From Video Game Music Preservation Foundation Wiki
Jump to: navigation, search
TED
8360 R1 2784 - On Board - C116.jpg
Developer: Commodore
Released: 1984-??-??
Type: Chip
Channels:

1.) Square Wave
2.) Square Wave or White Noise
3.) PCM

The TED is the defining chip of the Commodore 16 and Plus/4 8-bit home computers. It handles graphics, two joysticks, part of keyboard input, timing, and audio.

The exact meaning of TED varies with sources:

  • "Text Editing Device" (Wikipedia since October 2004)
  • "Text Editor" (C= Hacking, Issue #12, March 1996)
  • "the 7360 TExt Display chip" (note the uppercase E; 264 Hardware Specification, chapter 4, December 1983)

Channels

On each of two channels, you can choose a pitch in 1024 steps. Compared to the VIC, high notes are in tune, but the bass does not get below A2 (110 Hz). Low noise actually sounds like noise, although you may notice a pattern as it gets higher.

For both channels together, you can only choose one volume, from 0 to 8. Changing this volume, while either channel is on, produces a click; the greater the change, the louder. This allows to play unsigned PCM samples on a third channel.

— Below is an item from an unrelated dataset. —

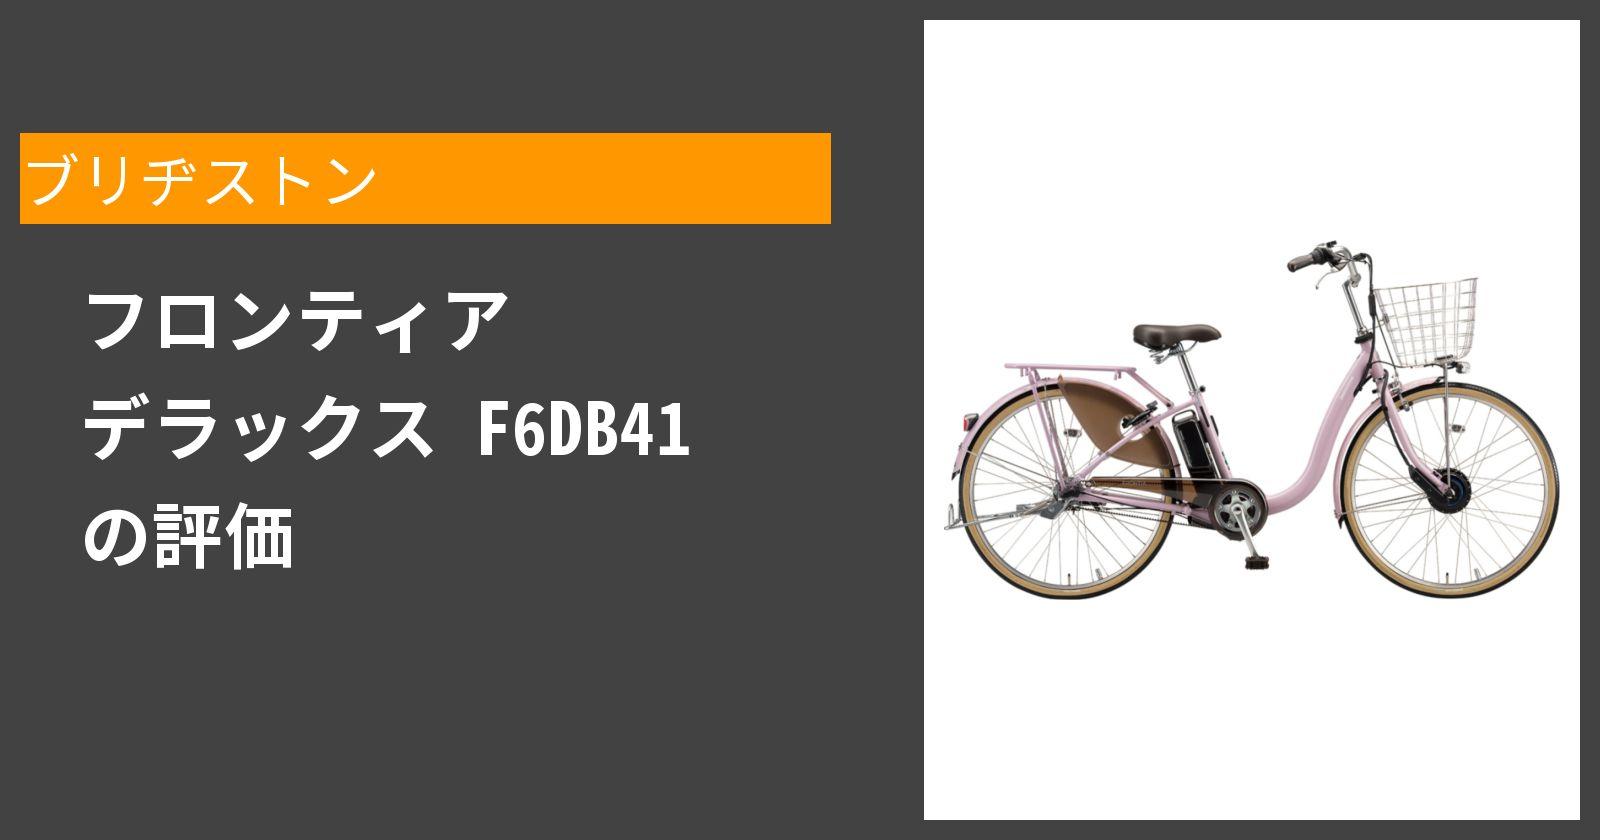 フロンティア デラックス F6DB41を徹底評価

Several games play only one melody with a chorus effect (using two slightly detuned channels). Very few drivers generate envelopes.

Versions

7360

The original 7360 was still being produced in January 1984.

8360

8360 revision 1 from week 27 (July) 1984 on board of a C116.

The more common cost-reduced 8360 chip was already being produced in early July 1984.

Devices

Release Device Chip
1984-??-?? Commodore 116  ?
1984-??-?? Commodore 16  ?
1984-??-?? Plus/4  ?
199?-??-?? Commodore V364  ?
2000-12-?? Commodore 232  ?
2015-07-?? Commodore 264  ?

Games

Many Commodore 16 and Plus/4 games play music and sound effects on the TED.

Downloads

Picture Gallery

Emulation Status

plus4emu 1.2.7 is most accurate. YAPE 1.2.0 is slightly too fast. All other Windows emulators, including VICE 3.2, fail on some games.